Sağlık alanında çalışan ve hak temelli savunuculuk faaliyetleri yapan STK’lardan biri olarak hasta hakları konusunda da toplantılar düzenlediklerini aktaran Kurdoğlu, paydaşları olan International Myeloma Foundation ile düzenledikleri Miyelom Hasta Buluşması’nı da paylaştı. Hangi kanser olursa olsun tanı alan bireyin sosyal hayatının oldukça değişiğini belirten Kurdoğlu, hastalarla birlikte yaptıkları psikolojik destek toplantılarıyla onların hayatlarına dokunduklarını belirtti.

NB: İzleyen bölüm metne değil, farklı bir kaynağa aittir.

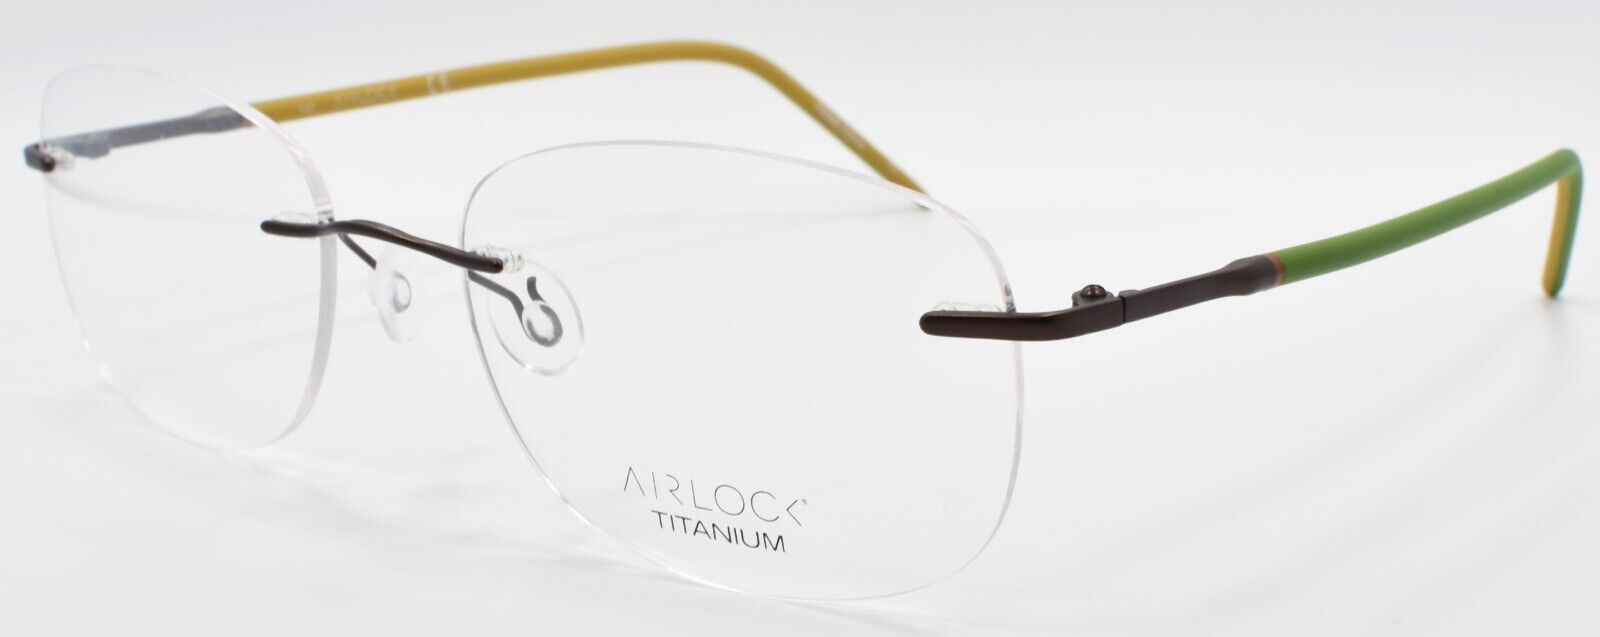 1-Airlock Endless 206 301 Men's Eyeglasses Frames Rimless 53-18-140 Dark Olive-886895316491-IKSpecs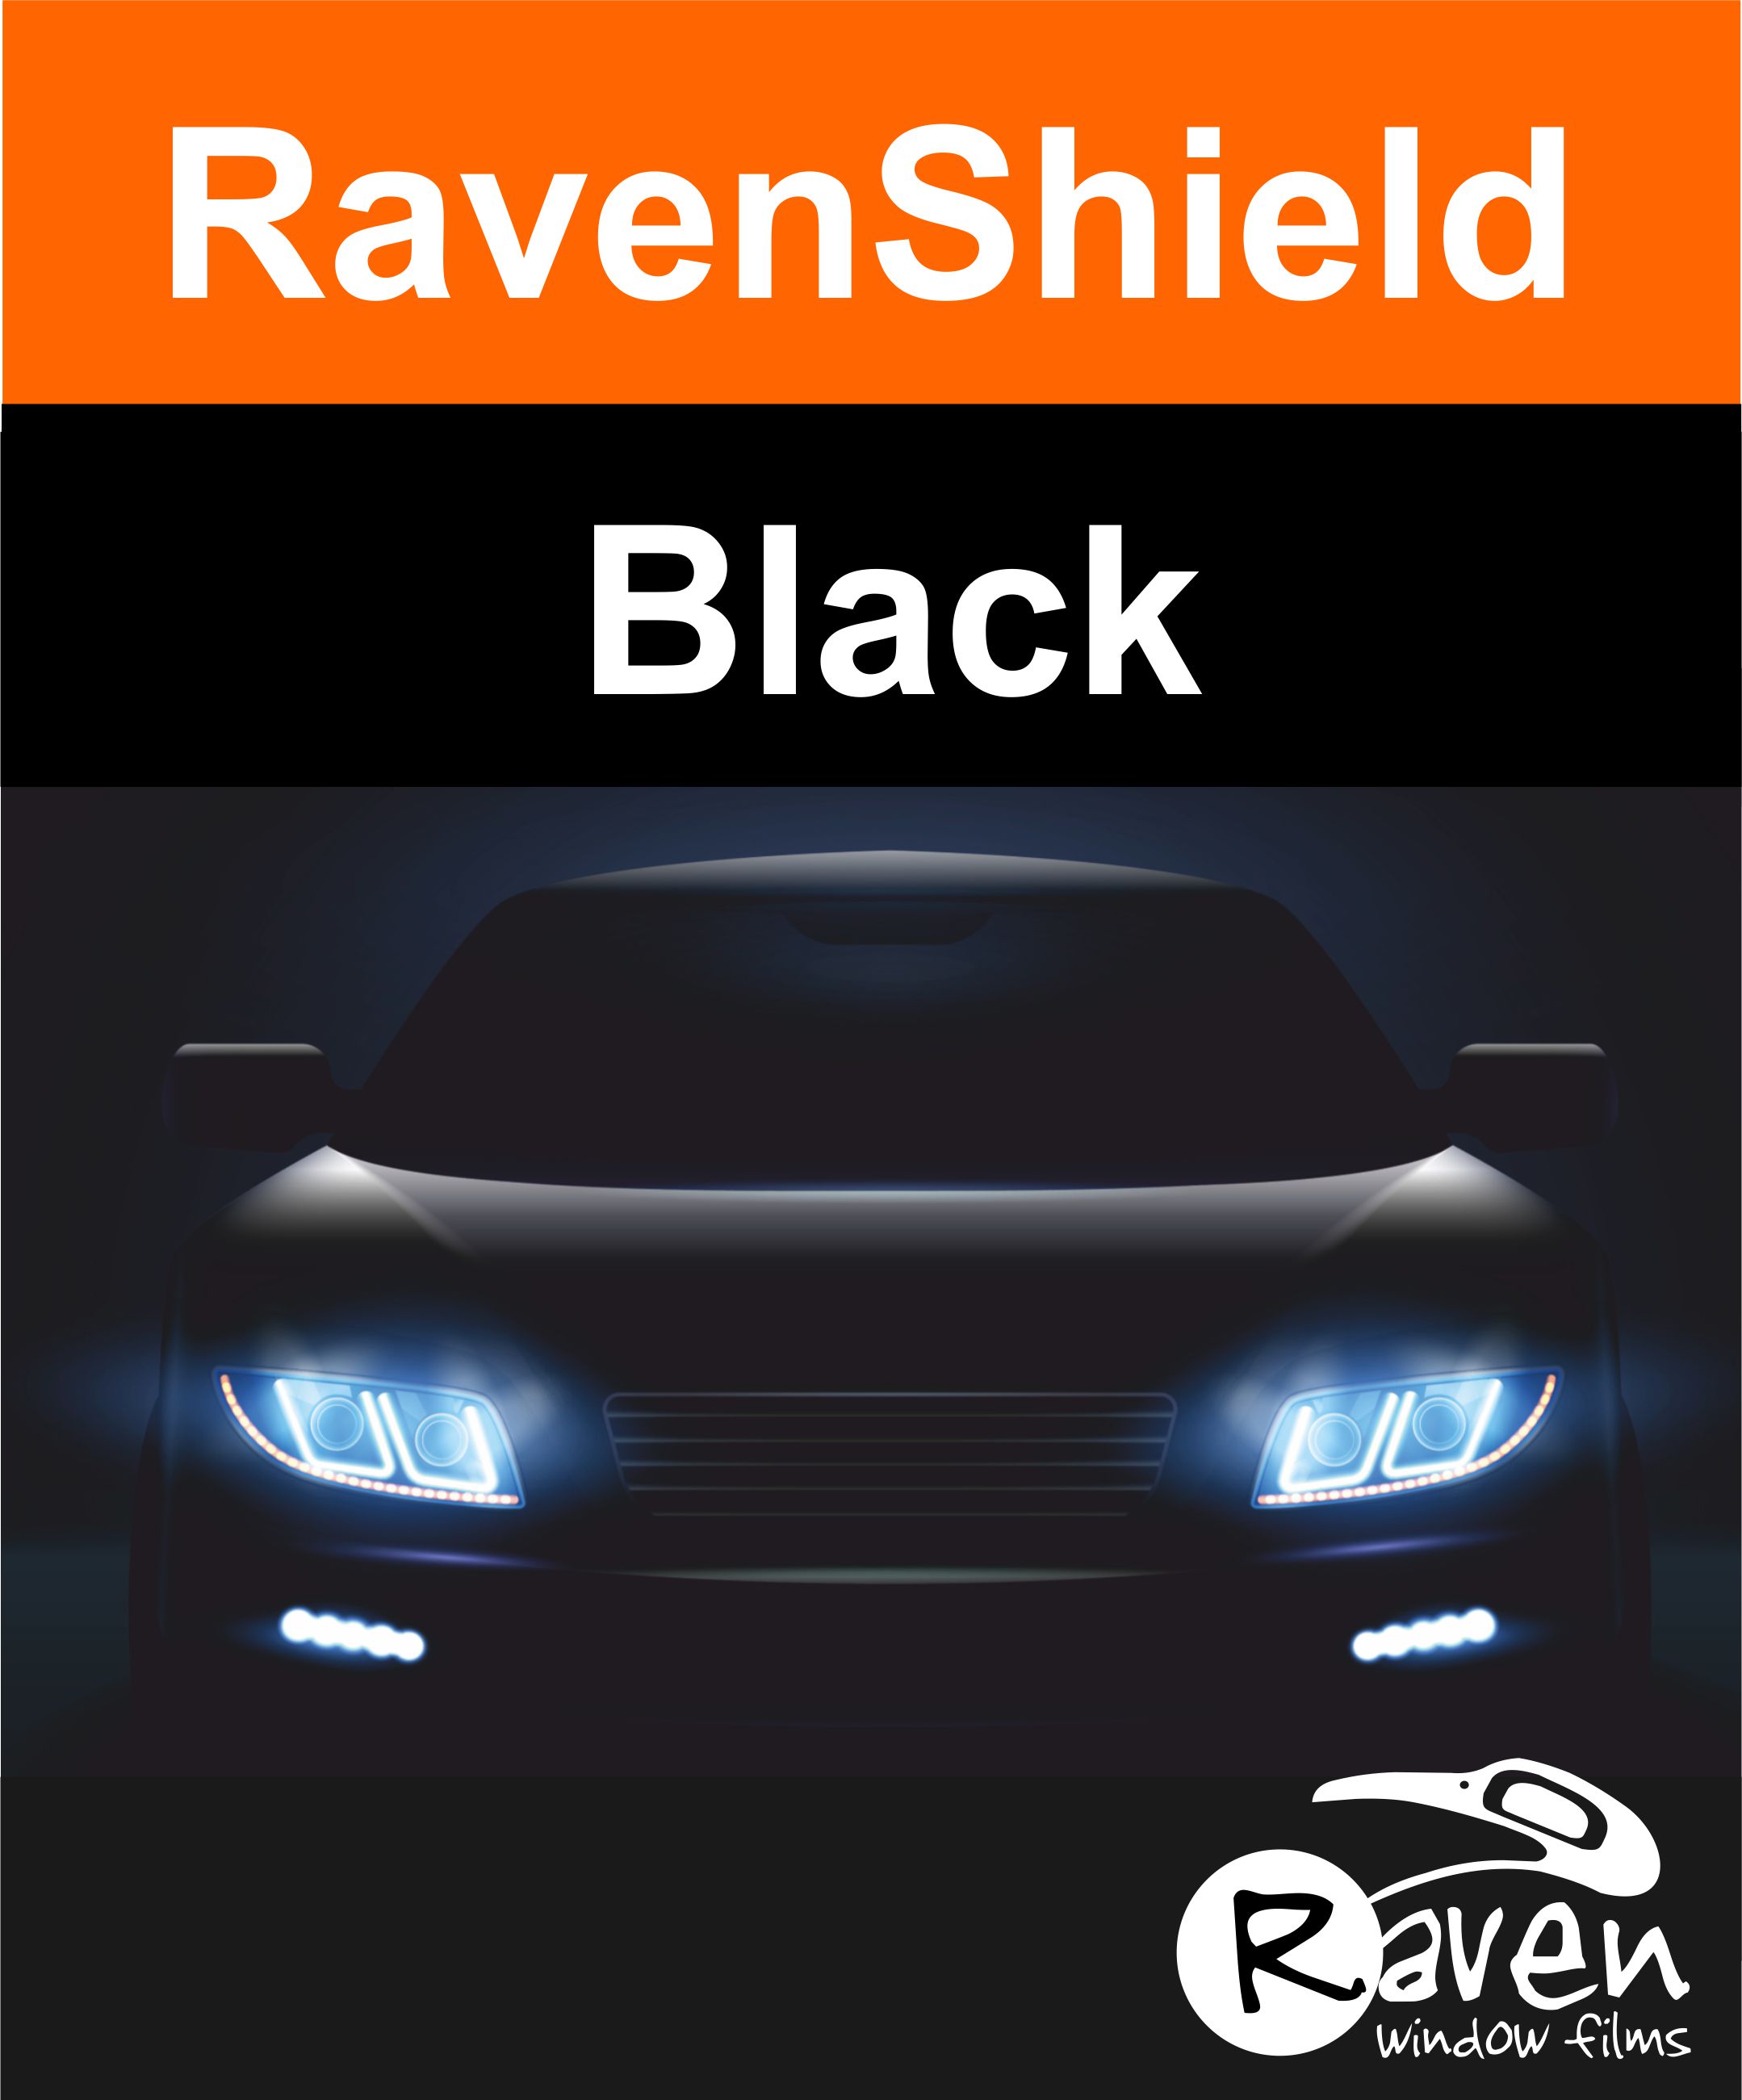 RavenShield Black

Kanser Kodu’nu Hayatınıza Katın, Kanser Riskinizi Azaltın
Avrupa Kanser Cemiyetleri Birliği Türkiye Genç Elçisi Yakup Gözderesi tütün ve tütün ürünleri başta olmak üzere, alkol, sedanter yaşam, beslenme gibi hayat tarzını bileşenleriyle birlikte güneş ışığı, iş kaynaklı kimyasallar, radon gibi maruziyetler ve aşılama, tarama faaliyetleri gibi önleme teknikleri hakkındaki önerileri kapsayan Kanser Kodu’nu katılımcılarla paylaştı. Kanser Kodu’nun bir öneri listesi olduğunu vurgulayan Gözderesi, kodu bireylerin kendi hayatlarına uygulamasının yanı sıra bu kodun hükümetlerin politikaları anlamında desteğine ihtiyaç duyduğunu söyledi.
“Kanser Kodu’na birebir uyum sağlanırsa önlenebilir kanserlerin gelecekteki sıklığında büyük bir azalma olacak ve bütün kanserlerin görülme sıklığında da %40 hatta %50’ye varan bir azalma olacak.” diyen Gözderesi, bütün katılımcıları kanser kodunu hayatlarına dâhil etmeye davet etti.